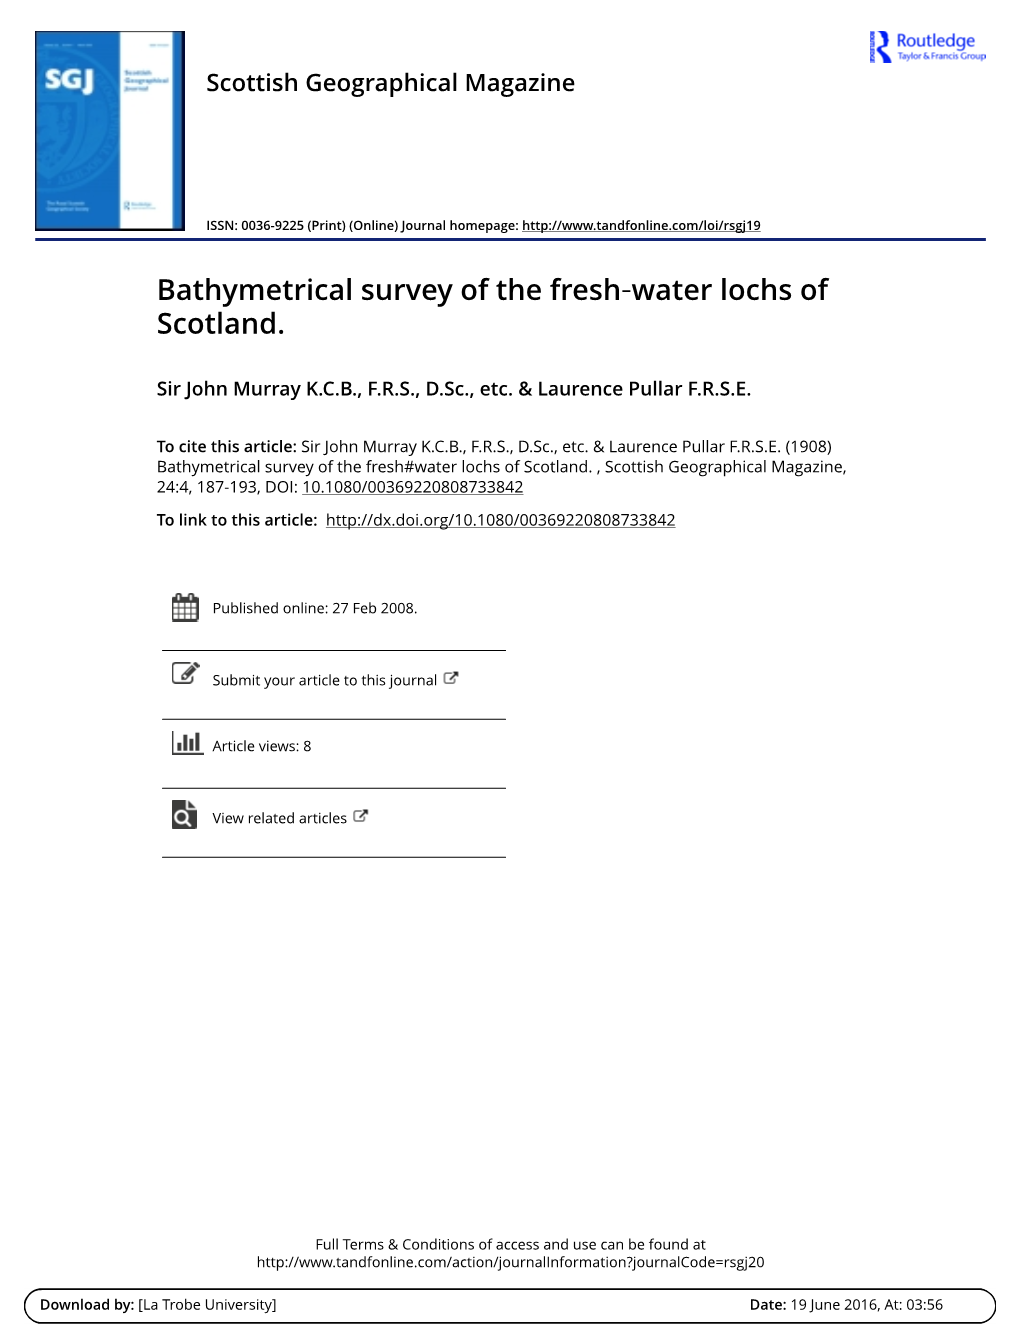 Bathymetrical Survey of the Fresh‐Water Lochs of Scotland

==

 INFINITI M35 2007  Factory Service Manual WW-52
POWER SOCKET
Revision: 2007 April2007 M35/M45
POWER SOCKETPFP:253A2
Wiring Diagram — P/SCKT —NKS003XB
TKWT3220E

---

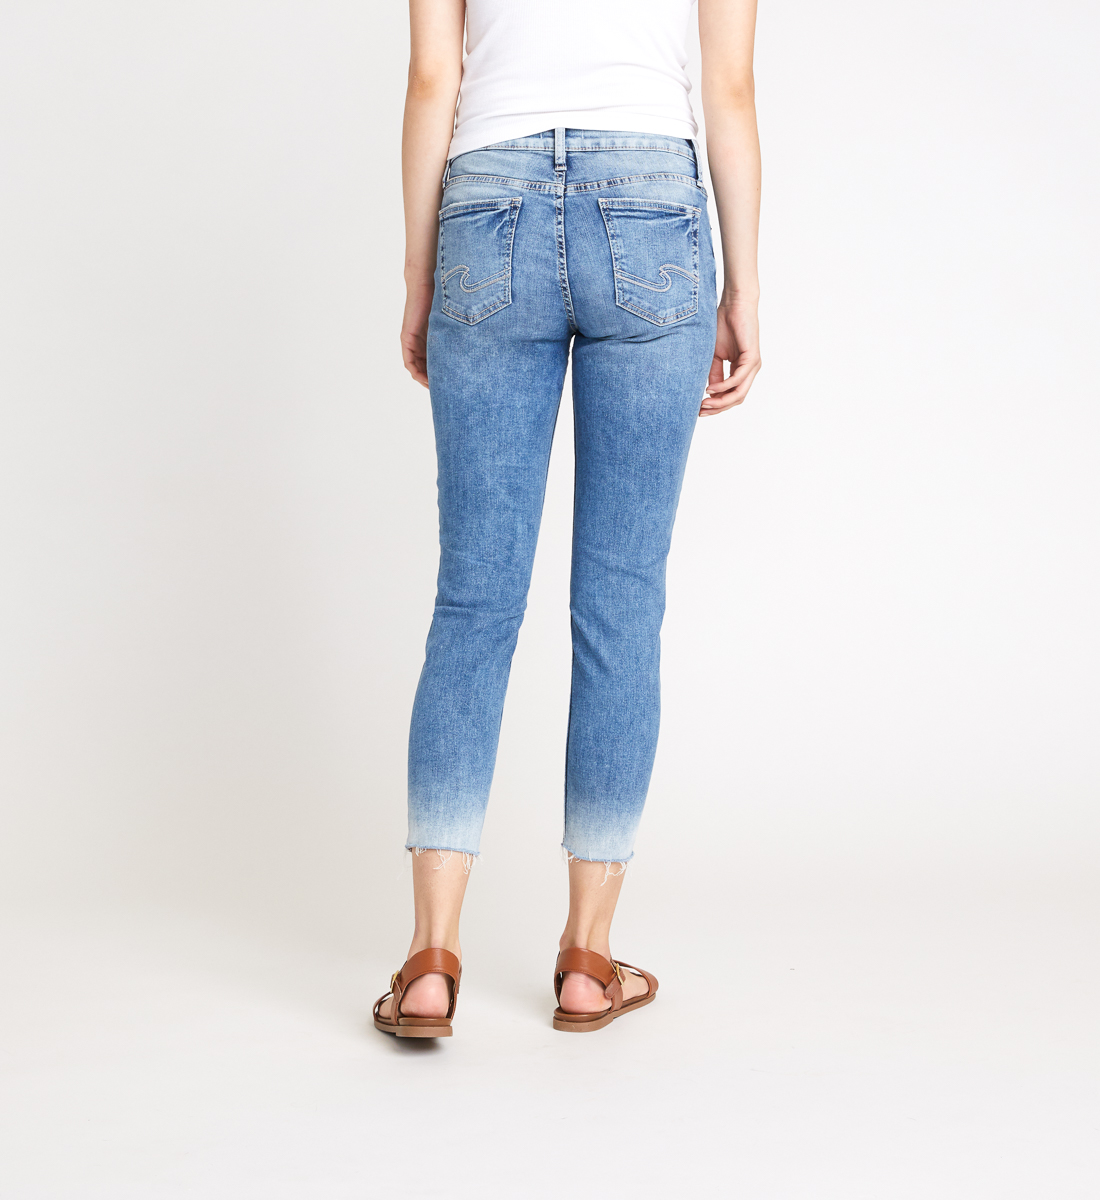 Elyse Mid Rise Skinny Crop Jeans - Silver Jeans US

* Action item *
Each line in the material with "POWER" in it must be reported.

* Reply *
POWER SOCKET
POWER SOCKETPFP:253A2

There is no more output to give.